Trump boasts about deployment of troops and federal police in Washington: ‘We’re going to stay here for a while’
The president visited the headquarters of the deployment, which has been widely criticized by residents and which he declares necessary to combat violence
Donald Trump has taken to boasting about his decision to deploy federal soldiers and agents on the streets of Washington, despite the unease the measure has generated among residents. The Republican, who adopted the measure 10 days ago citing an alleged escalation of violence, went to the headquarters of the deployment to greet soldiers and police officers. “We’re going to make it safe, and we’re going to then go on to other places, but we’re going to stay here for a while,” the president said. The legislation allows the president to maintain this measure for 30 days, but Trump says he is considering extending it.
The president ordered the deployment as part of his takeover of a city with an overwhelmingly Democratic majority, which he described — contrary to statistics — as a place of “crime, bloodshed, bedlam and squalor.”
Trump had declared hours earlier that he would go on patrol “with the police and the military” that evening, in comments on conservative commentator Todd Starnes’ radio show.
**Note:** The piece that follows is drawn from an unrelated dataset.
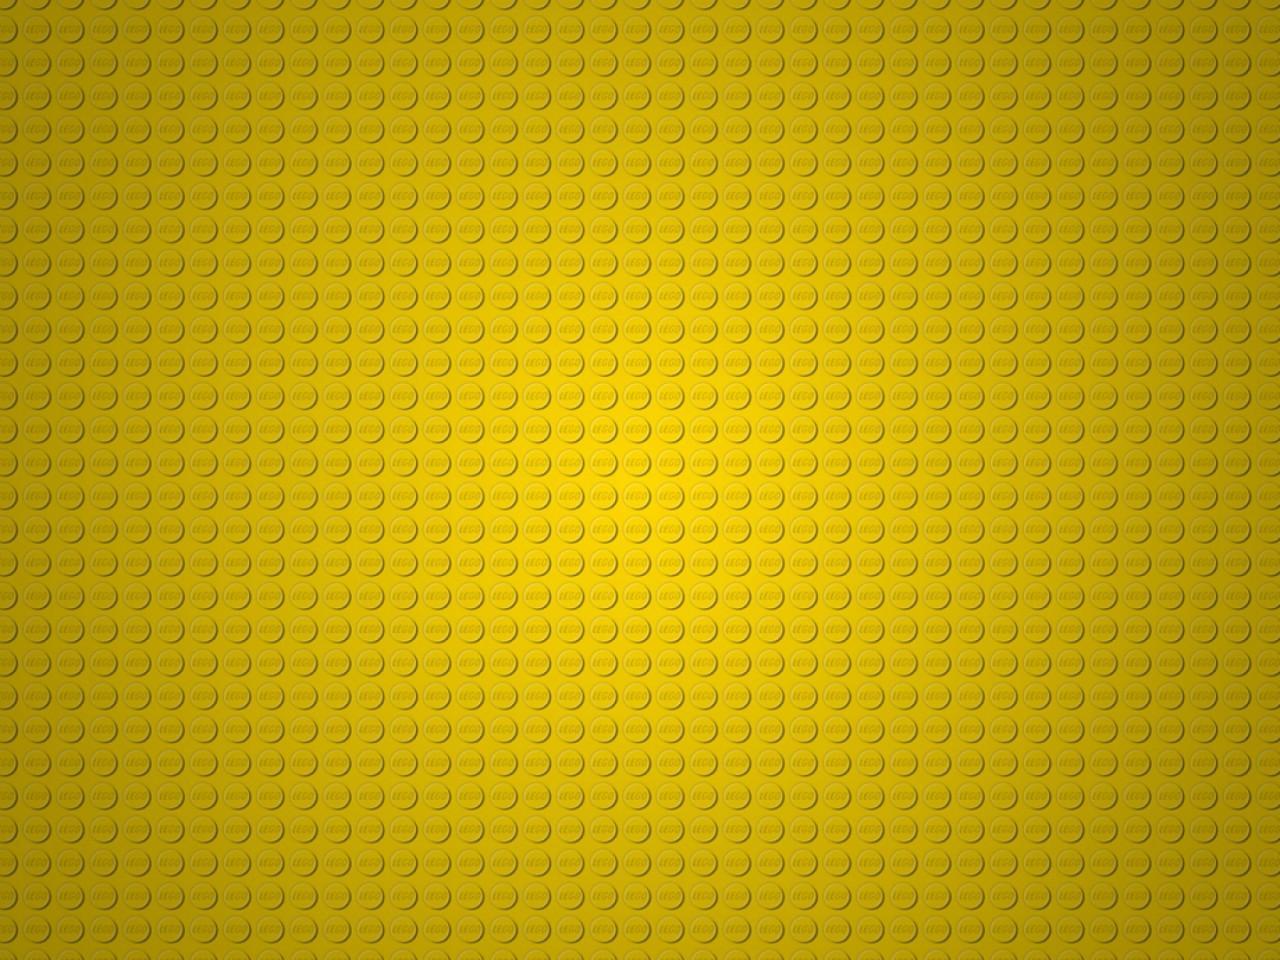 lego board wallpaper

The president’s afternoon outing amounted to a triumphant stroll, one of the many the Republican administration has taken since ordering the deployment of the National Guard and federal agents to the U.S. capital in response to what it considers a rise in crime that had become a national emergency. Initially, the White House indicated that some 800 troops would reinforce local police forces. Since then, six Republican-majority states have sent troops to the mission, which has expanded its original remit to increasingly focus on the detention of illegal immigrants.
Trump’s order, partially limited days later in court, is possible because of the unique status of the capital, which lacks the privileges of a state. A 1970s law, the DC Home Rule Act, grants the city autonomy and includes a clause allowing the local police force to be placed directly under presidential control when “special emergency conditions” exist. Trump has invoked this clause, arguing that the levels of violence in the city meet those “special conditions.”
Trump visited the Park Police headquarters in Anacostia, southeast Washington, now the operations center for the deployment. He was accompanied, among others, by his Secretary of Homeland Security, Kristi Noem; Secretary of the Interior, Doug Burgum; and his top domestic policy adviser, Stephen Miller.
A day earlier, Vice President J.D. Vance, Secretary of Defense Pete Hegseth, and Miller had gone to the capital’s Union Station to greet the troops deployed there, offering them hamburgers and calling for “getting DC out of its lawless state,” amid jeers and whistles from onlookers.
Trump maintains that since issuing the order on August 7, Washington has become “perhaps the safest city in the country, and it’s getting better by the minute.” He says that until now, the capital — a tourist magnet thanks to its free monuments and museums — was a wasteland that many avoided, but now “people are flocking back.”
The White House issues daily bulletins listing the arrests made since the order went into effect. So far, it has counted 630, for offenses ranging from homicide to drink-driving, although it does not specify whether these arrests include only those carried out by federal agents or also by the local Metropolitan Police. It does indicate that a third of those detained, about 250, are illegal immigrants. Although the deployment is especially visible in the city’s tourist center and around its most well-known landmarks, where violent crime is minimal or nonexistent, the highest number of arrests, according to the White House, have occurred in the Seventh and Eighth Wards, part of the Anacostia neighborhood, among the city’s poorest areas and predominantly African American.
In the reality outside the walls of the White House, statistics indicate that, although the level of violence in the capital has historically been high, there has been a notable decrease. Violent crime dropped by 35% in 2024 compared to the previous year and reached the lowest levels in the last 30 years, according to a Department of Justice report published in January. And the population of this overwhelmingly Democratic city, where only 6% of voters backed Trump last November, is opposed to the presidential measures to seize control.
A poll published by The Washington Post found that 79% of residents oppose the presidential order, while only 17% support it. Only 31% consider the crime rate to be serious or very serious, while 21% consider the streets in their neighborhoods to be unsafe. In contrast, 78% say they feel reasonably or very secure in their areas of residence. Two-thirds of the population say the police and military presence makes them feel less safe.